Literature DB >> 6700586

Moderate-level gene amplification in methotrexate-resistant Chinese hamster ovary cells is accompanied by chromosomal translocations at or near the site of the amplified DHFR gene.

W F Flintoff, E Livingston, C Duff, R G Worton.   

Abstract

In previous studies, we have described several classes of methotrexate-resistant Chinese hamster ovary cell lines. Although the RI class is resistant because of an altered target enzyme, dihydrofolate reductase, the RIII class derived from RI cells is somewhat more resistant because of a moderate amplification of the altered dhfr structural gene (Flintoff et al., Mol. Cell. Biol. 2:275-285, 1982).
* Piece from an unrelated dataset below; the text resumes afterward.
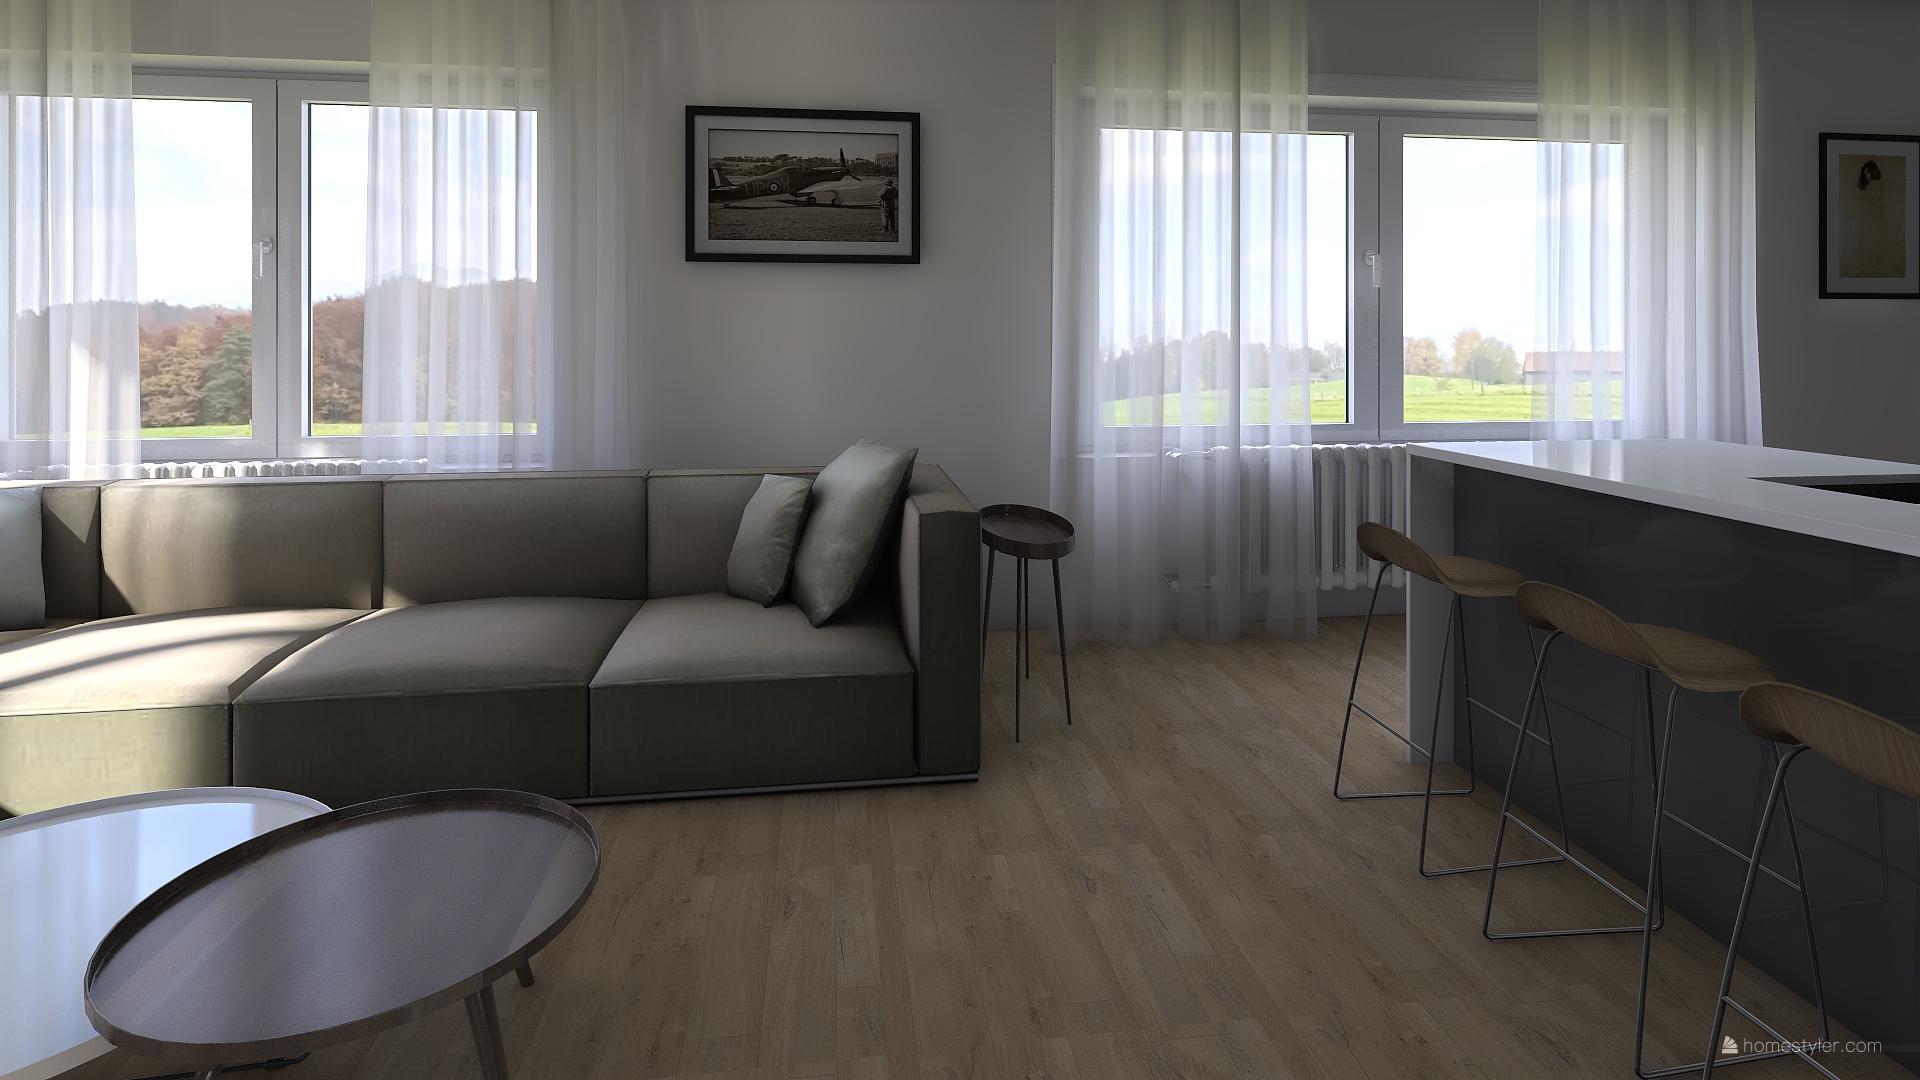 Vizualizace obýváku s kuchyní pro @iuanecka - Obrázek č. 4

In one RIII line, a translocation between the short arm (p) of chromosome 2 and the long arm (q) of chromosome 5 was observed, and the amplified RIII gene complex was mapped to the p arm of the 2p-marker chromosome derived from the translocation (Worton et al., Mol. Cell. Biol. 1:330-335, 1981). We tested the hypothesis that chromosomal translocation is a general feature of RIII cells and that such translocation involves a site at or near the dhfr structural gene. Thus, we examined four independently derived RIII-type mutants and found that each had a moderate amplification of the dhfr gene sequences, and karyotype analysis revealed that each carried a translocation involving the 2p arm at or near band 2p25. That this chromosomal rearrangement involves a site near the dhfr locus was demonstrated by mapping the altered but unamplified structural gene coding for the RI phenotype to the short arm of an unaltered chromosome 2. This suggests that a highly specific rearrangement involving an exchange at or near the site of the unamplified gene is a necessary prerequisite for the amplification process. A model for gene amplification involving chromosomal rearrangements and sister chromatid exchange is described.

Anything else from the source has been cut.